Did the Commission err in law or in fact by responding to an unsubstantiated regulatory concern and imposing unnecessary costs on service providers?
Positions of parties
- Xplornet argued that the concerns presented by parties on the record of the Internet Code proceeding were hypothetical. Xplornet submitted that ISPs work hard to maintain and grow their customer base in a highly competitive environment and that it is not aware of any ISP with aggressive disconnection policies for customers with past-due invoices.
- Bell Canada argued that regulation that addresses no demonstrable problem runs counter to the Act and the Policy Directions, which require that telecommunications policy be efficient in nature and that the Commission regulate in a manner that is efficient and proportionate to its purpose.
- Xplornet submitted that based on the number of disconnection notices it issued to customers and the percentage of those notices that resulted in customer termination, it estimated that its bad debt costs would increase by 50% as a result of the adoption of the cumulative standard.
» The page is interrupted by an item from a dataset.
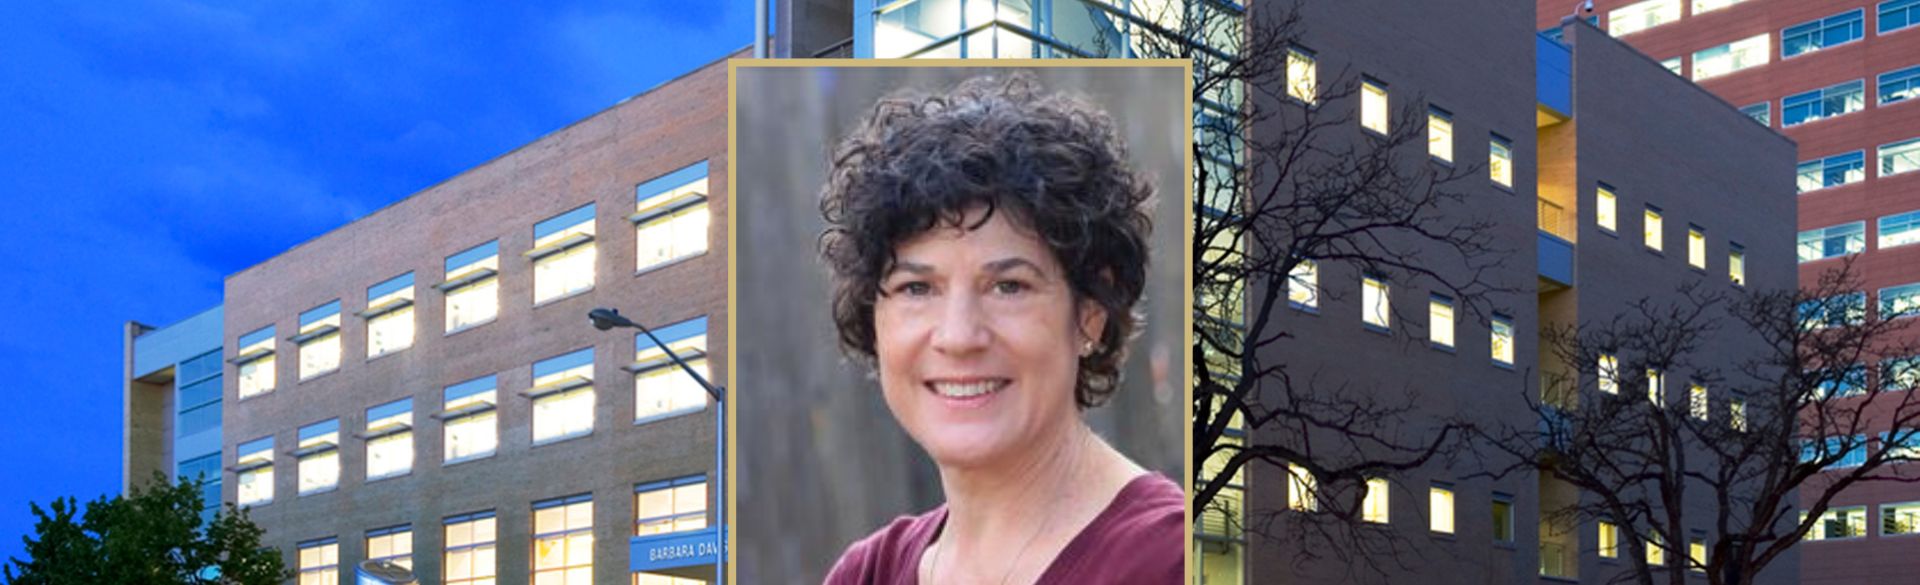 Lori Sussel head shot superimposed over diabetes research building

It also submitted that it would incur significant costs due to the need to build parallel infrastructure to manage services subject to the Internet Code.
- Eastlink agreed with Xplornet’s arguments regarding the imposition of significant costs for ISPs and submitted that the cumulative standard would be confusing to consumers who have multiple timelines for disconnection. Eastlink added that since ISPs will have to wait at least two months before undertaking collection activities, this change could impose significant costs on service providers as the changes will lead to an increase in bad debt expenses and costs for implementing and maintaining multiple disconnection requirements. Eastlink noted that this could ultimately lead to higher costs for consumers.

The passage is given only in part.